Sunday has come again, and I am in Uganda.  Pastor Kamye, a friend of the Dameron family, asked if I would preach today.  I know few passages better than Psalm 139, so that’s what all three congregations heard about.  Though rushed, it was very easy to tie the idea of Psalm and song together in a land like this.  I was treated to the musical talents of the parishioners at all three locations.  In every case the people danced as they sang; lively, living, alive, life-full worship is the Ugandan village way.

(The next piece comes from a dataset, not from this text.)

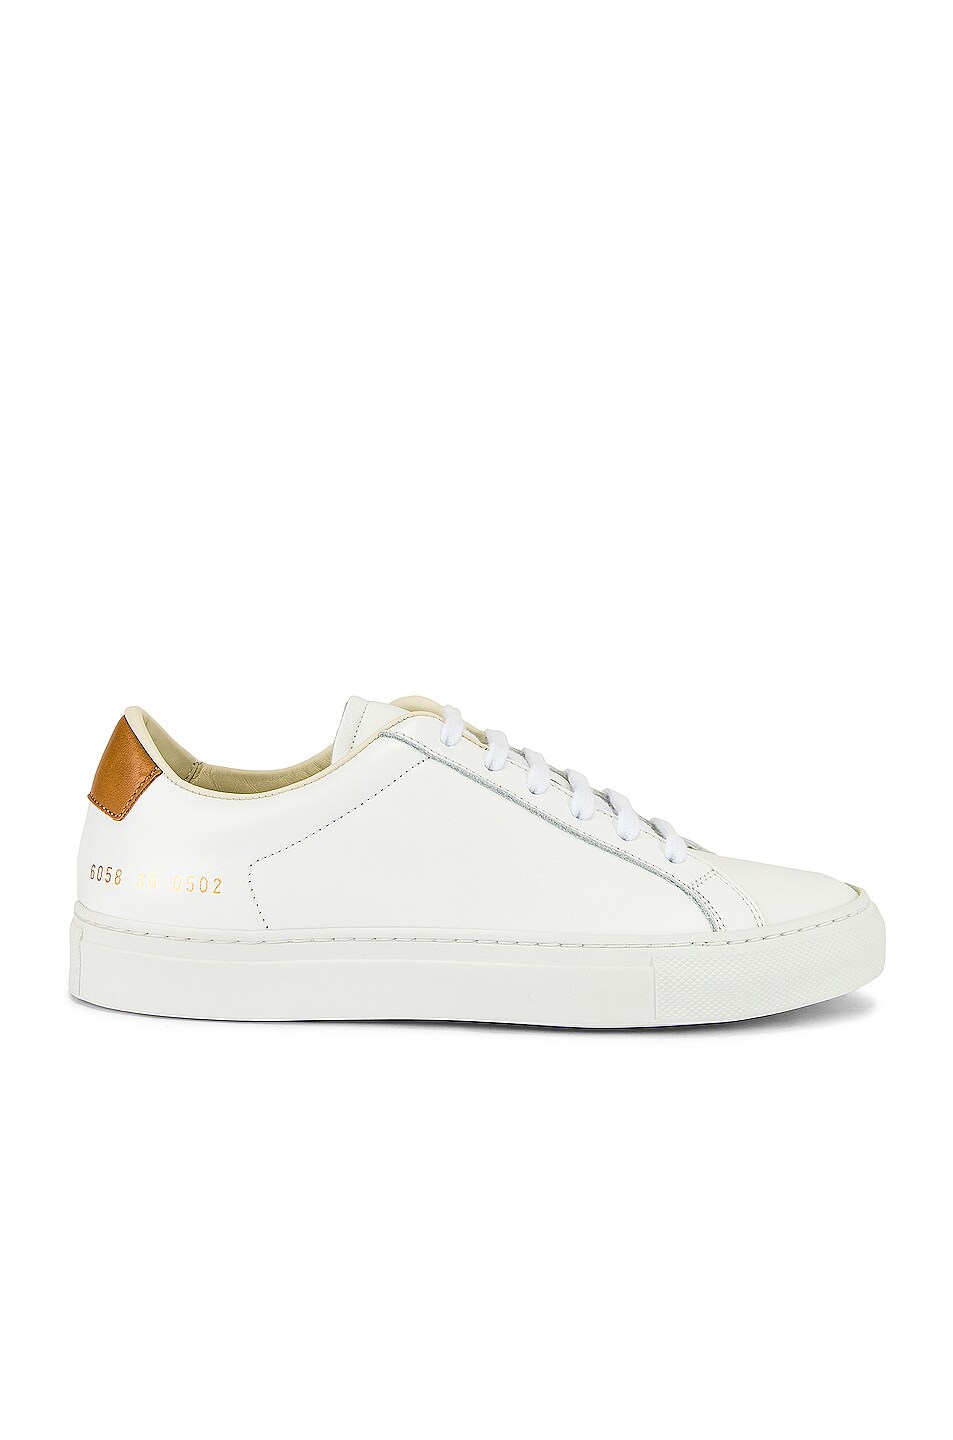 Image 1 of Common Projects Retro Low Sneaker in White & Tan

Honestly I’ve never been so heart broken for a people as I was today.  At the first church the congregation trickled in over about half-an-hour, but the first people there were three boys and a woman in a gold and black dress.  Kamye said to me that two of the boys had lost both parents to AIDS and that the woman now looked after them.  These two kids must have been six and seven years old.  At the second church a boy approached me after the service for prayer.  I held onto him for a minute and did my best to entreat God to a will other than the one currently exhibited.  I prayed that the child not be afraid, I could see the wear of fear in and around his eyes.  When I finally put my open hand on his chest, it felt like his heart was racing in a rage of fierce, constant beating.  His mother said it had been acting like that since Friday.  A doctors visit costs about $50, so what can she do?  The difference between living and dying is $50.

The beauty of this place is in the spirit; spirit of land, spirit of creatures, spirit of sun.  A photograph could never explain the edge on which the lives of children balance here.  Theology could never explain away the guilt I feel as an American standing by, allowing it.